Y, por último, sentimos cierto malestar, un auténtico malestar, a pesar de todo, ante esta imagen insólita del buen médico estadounidense, con sus guantes de látex, que ausculta al animal rabioso, lo toca, lo palpa, le despioja la barba y el cabello, le exhibe en su desnudez indefensa ante los miles de millones de miradas de los habitantes de la aldea global. ¡Vean al animal!, parece decir. ¡Vean a la fiera humillada, el abominable hombre de los subterráneos, por fin domesticado! ¡Vean al viejo león muerto que, desde hace meses, da vueltas en su jaula minúscula y sórdida, y cuyo cuerpo patético es ya nuestro! En esta imagen, en esta versión moderna del vencedor de los juegos romanos que indica con el pulgar hacia abajo, hay algo perturbador y obsceno que estropea nuestra alegría: ¿hacía verdaderamente falta filmar todo eso? ¿Mostrarlo? ¿Hacía falta, para probar que tenemos a Sadam, humillarle de esa forma, violar la intimidad desnuda de ese rostro enloquecido?

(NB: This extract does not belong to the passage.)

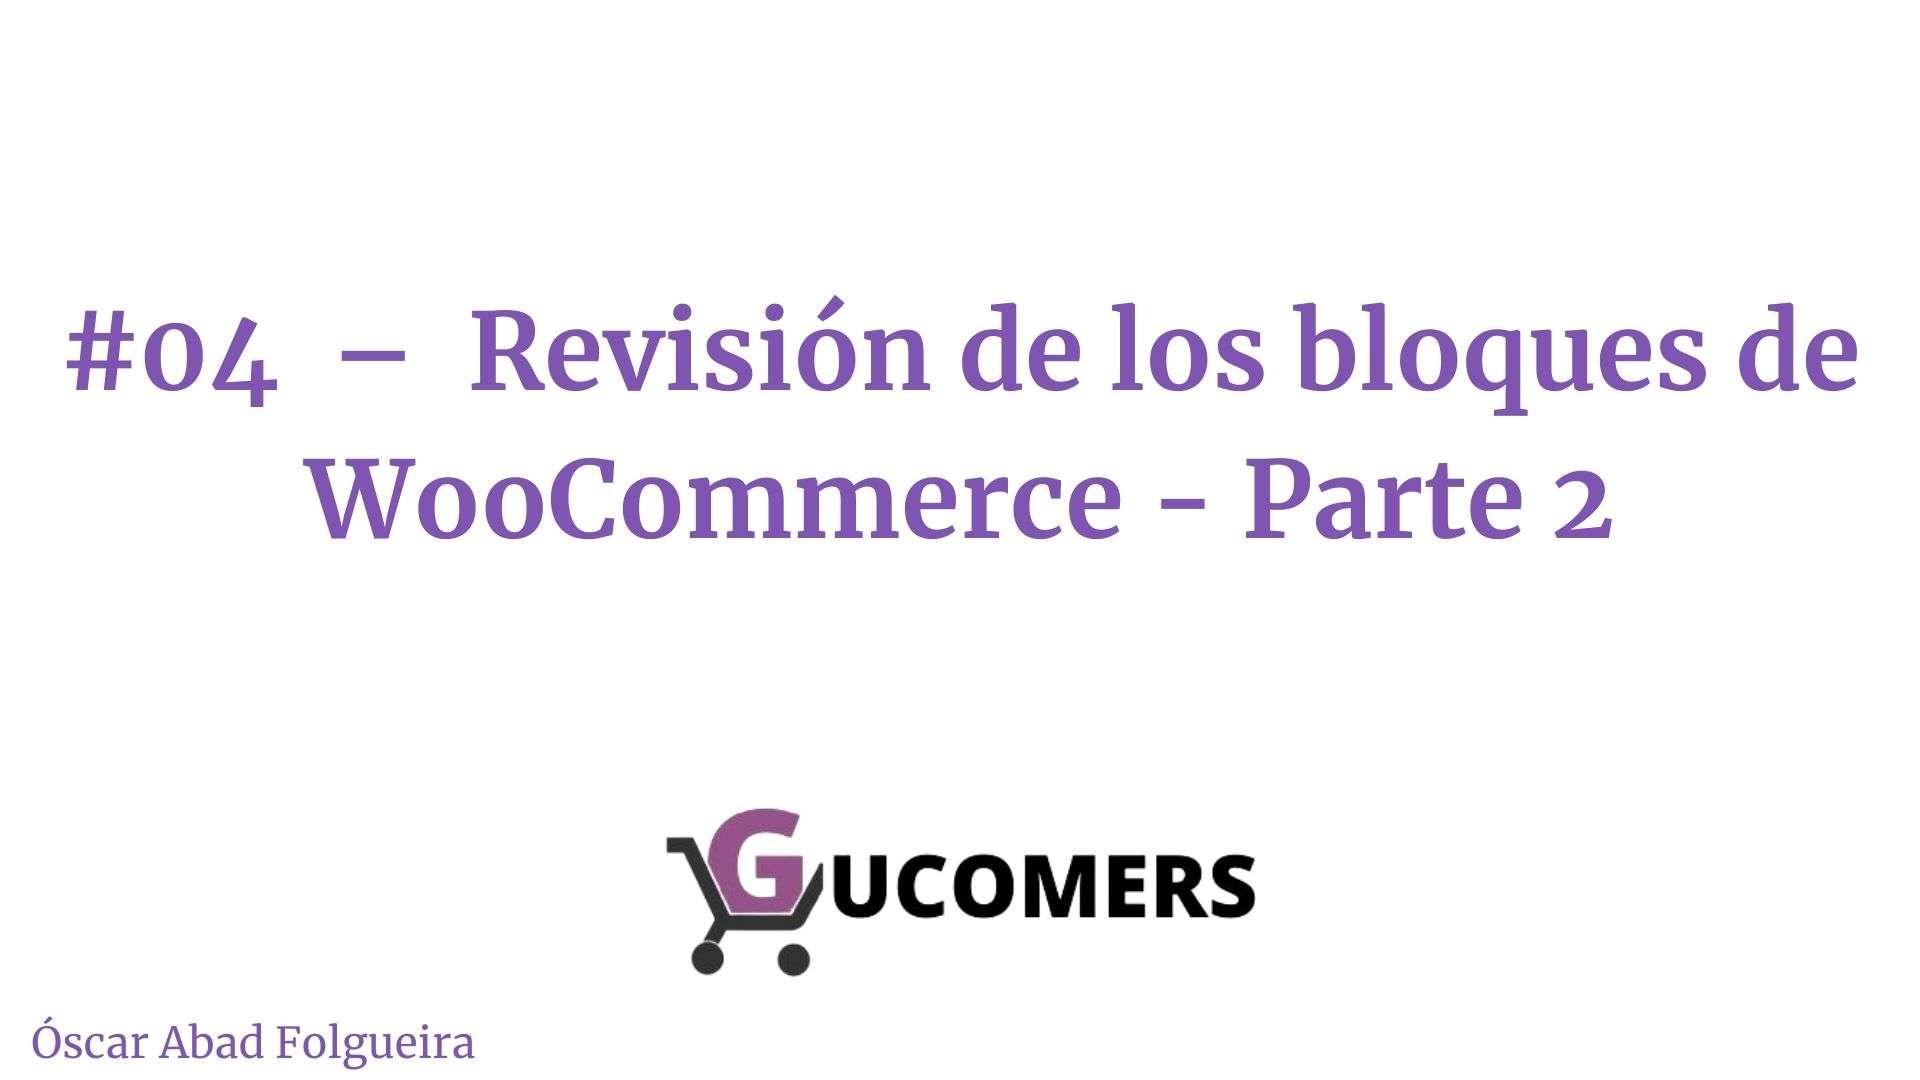 gucomers-04–revision de los bloques de WooCommerce - Parte 2

Que quede claro que soy perfectamente consciente de que a Sadam, en estos momentos, se le trata como nunca trató él a ninguno de sus prisioneros. Y sé, sobre todo, que este hombre era un monstruo que, con sus crímenes, se excluyó a sí mismo del círculo de los seres humanos. Ahora bien, además de que todos los prisioneros del mundo, aunque sean criminales de guerra, tienen derecho a una última e íntima consideración; además de que es cuestión de honor para las democracias, cuando tienen a un enemigo a su merced, no comportarse precisamente como se habría comportado él; además de que existen lugares (la sala de audiencias, la cárcel, el hospital, todo lo que, en cierto modo, constituía el territorio de Sadam) en los que se deja en paz a las personas y no se les filma nunca; además de todo eso, esta situación presenta la paradoja de devolver a este hombre inhumano un poco de su humanidad repudiada; este examen "en vivo" tiene el efecto contraproducente de volverse contra sí mismo y, pasado el primer asombro, provoca una especie de compasión final; y por eso los estadounidenses, al preferir difundir estas imágenes y transformarnos, a todos, en cómplices y espectadores de su gesto, han cometido una falta moral, acompañada -y eso sería casi peor- de un posible error político.